Exposição: a lâmpada deve estar perpendicular a aérea a ser tratada, sua quantidade também depende da aérea a ser tratada, assim aéreas menores são feitas aplicações com uma lâmpada numa distância de 30-40 cm, já para aéreas extensas são usadas várias lâmpadas com uma distância maior (geralmente em casos de bronzeamento artificial).
Tempo de aplicação: depende do resultado do teste de Saidmann. Em média é utilizado um tempo de 4 minutos.
Tipos de lâmpadas: fluorescentes e tubo de quartzo.
ULTRASSOM
Ultrassom não é estritamente eletroterapia, pois trata-se de vibração mecânica, ainda que produzida eletricamente. Refere-se às vibrações mecânicas que são as mesmas das ondas sonoras, mas com uma frequência mais alta. Essas ondas se situam fora do alcance da audição humana e podem ser chamadas de ultrassonoras. A vibração se incorpora ao som com frequências em torno de 20Hz; abaixo dessa frequência é chamado de infra-som ou infra-sonora.

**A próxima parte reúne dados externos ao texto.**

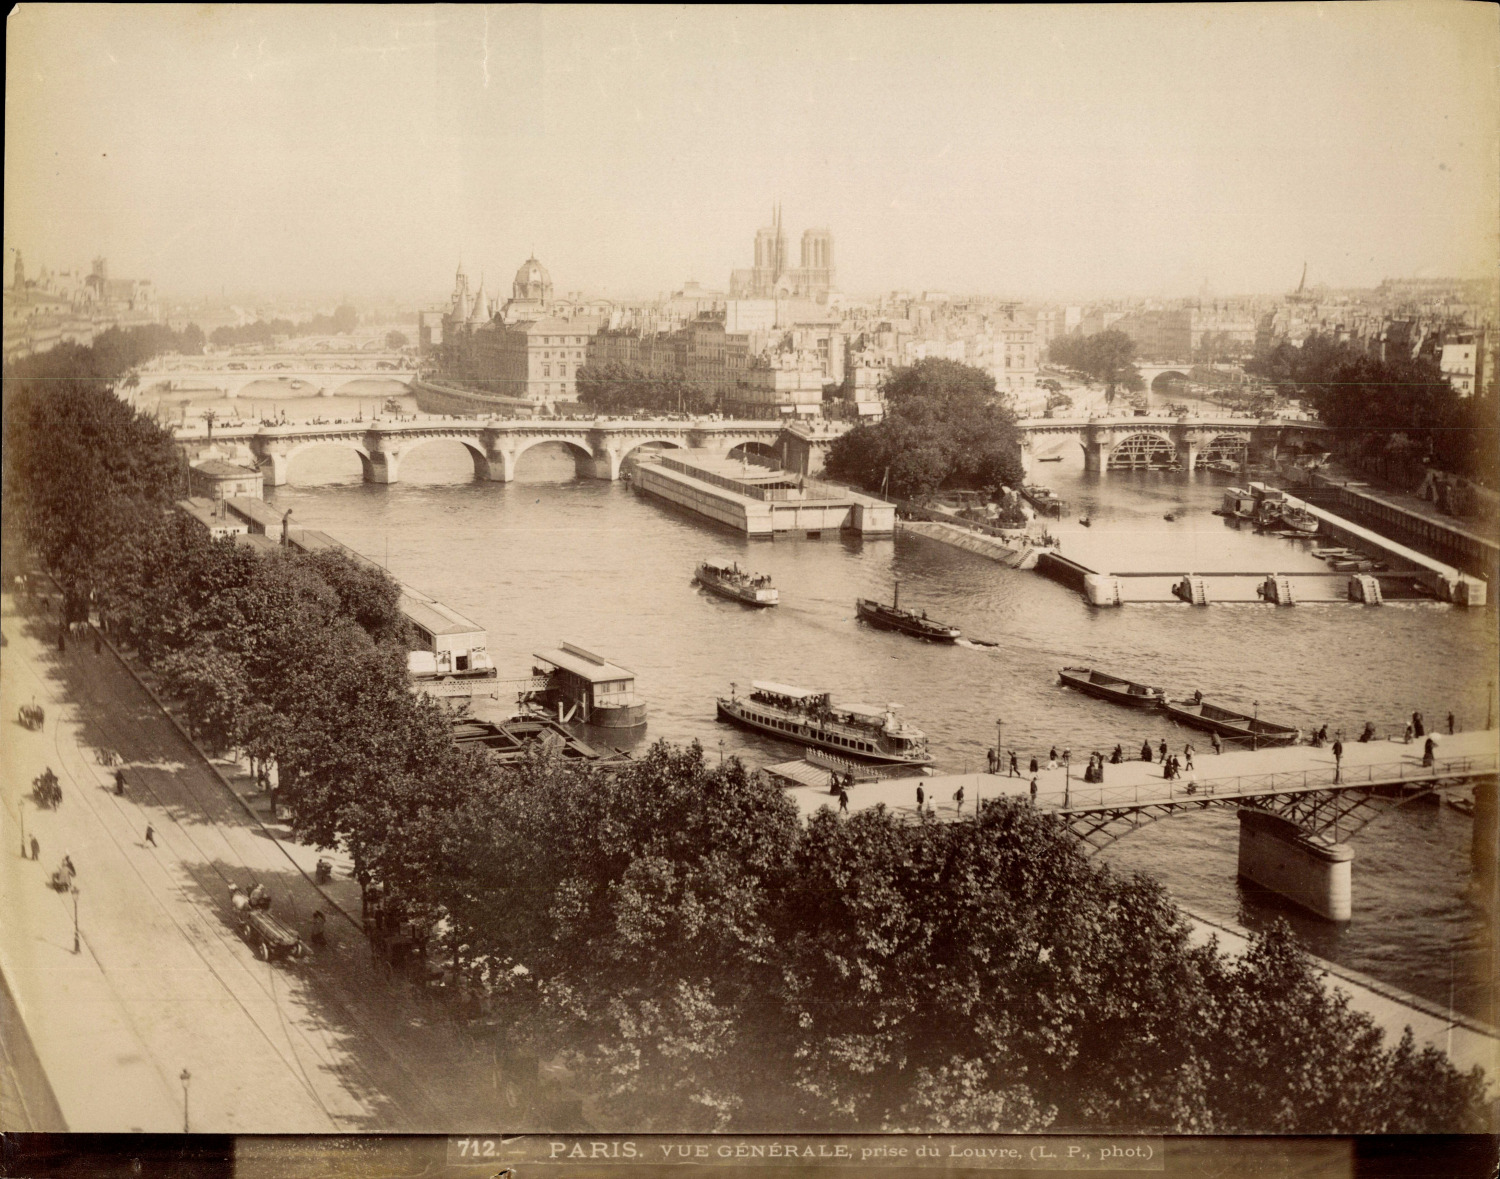 France, Paris, general view taken of the Louvre, L.P Phot. Vintage Print, Print 
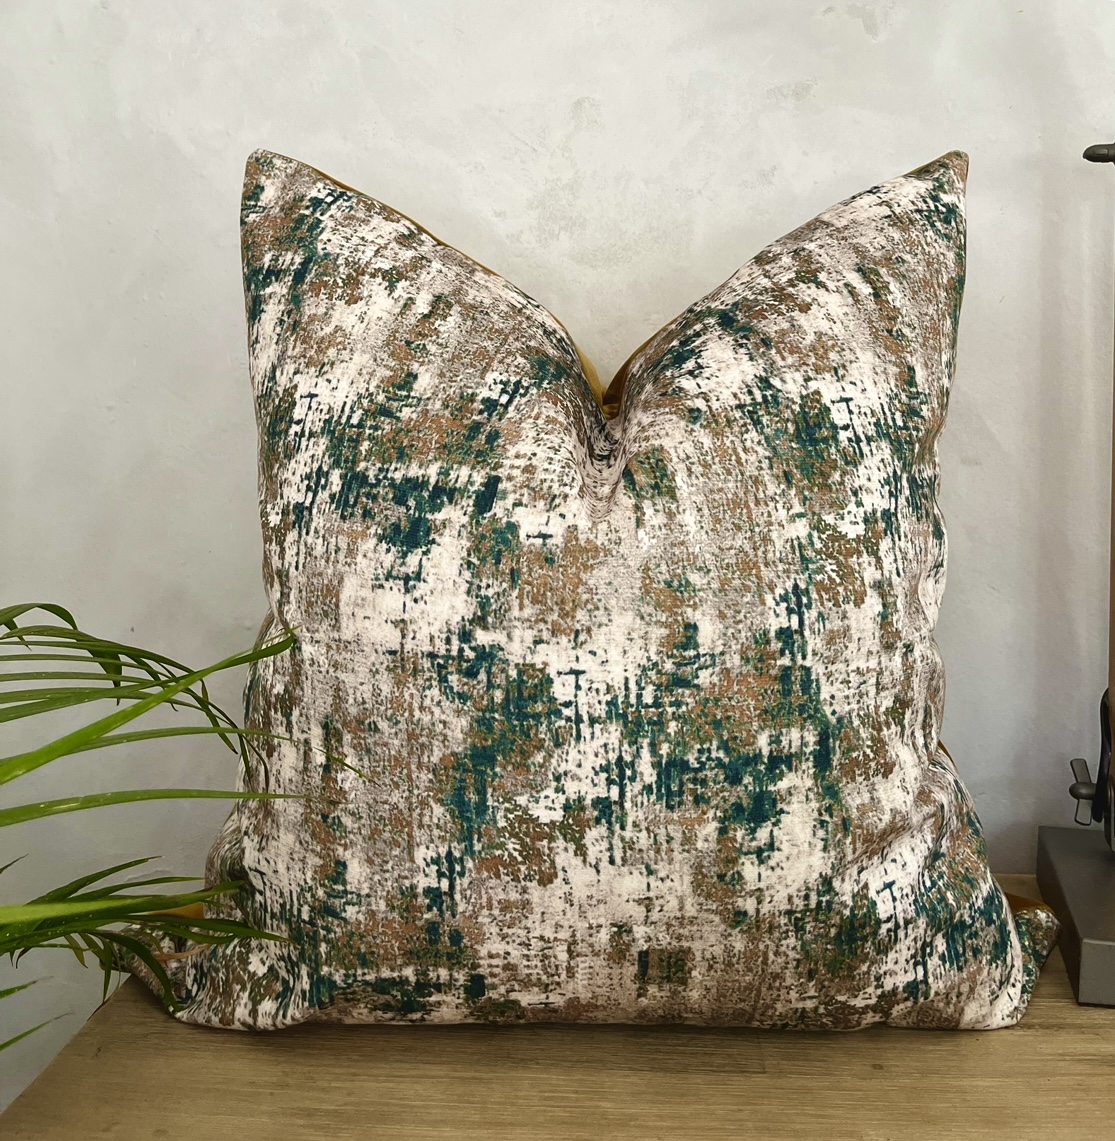 Abstract Cream_Green cushion

EFEITOS FÍSICOS E BIOLÓGICOS
O resultado da absorção do ultrassom nos tecidos é a oscilação de partículas em torno de sua posição média. Essa oscilação, ou energia sonora, é convertida em energia térmica proporcional á intensidade do ultrassom. Se todo esse calor não é dissipado pelos meios fisiológicos normais, ocorre um aumento na temperatura local que resulta em efeitos térmicos. Se a dissipação de calor equivale á geração de calor, não há uma elevação na temperatura e pode ocorrer efeitos não-térmicos. Esses efeitos são obtidos usando-se baixas intensidades ou fornecendo uma saída pulsada.
EFEITOS TÉRMICOS E SUAS INDICAÇÕES
Um efeito térmico pode ser obtido se a temperatura do tecido for elevada para entre 40 e 45° por pelo menos 5 minutos. Temperaturas acima de 45° são destrutivas. O aquecimento de estruturas constituídas por tecido fibroso como cápsulas articulares, ligamentos, tendões e tecido cicatricial pode causar aumento temporário na sua extensibilidade, e portanto uma diminuição na rigidez articular. O aquecimento leve pode também reduzir a dor e o espasmo muscular e promover processos de cicatrização devido ao aumento na velocidade e condução em nervos motores e sensoriais após o uso do US terapêutico. As estruturas que serão aquecidas incluem periósteos, osso cortical superficial, meniscos articulares, músculo fibrótico, bainhas tendíneas e raízes nervosas maiores, e interfaces musculares. Depois de emitido, o calor é dissipado por difusão térmica e pelo fluxo sanguíneo local.
EFEITOS NÃO TÉRMICOS E SUAS INDICAÇÕES
Algumas situações como por exemplo baixa intensidade média espacial e temporal produz efeitos biológicos sem contudo envolver mudanças significativas na temperatura. Há algumas evidências indicando onde os mecanismos não-térmicos parecem exercer um efeito: estimulação da regeneração dos tecidos, reparo dos tecidos moles, fluxo sanguíneo em tecidos cronicamente isquêmicos, síntese de proteínas e raparo ósseo. Os mecanismo físicos que parecem estar envolvidos na produção desses efeitos não-termicos são: cavitação, correntes acústicas e ondas estacionárias.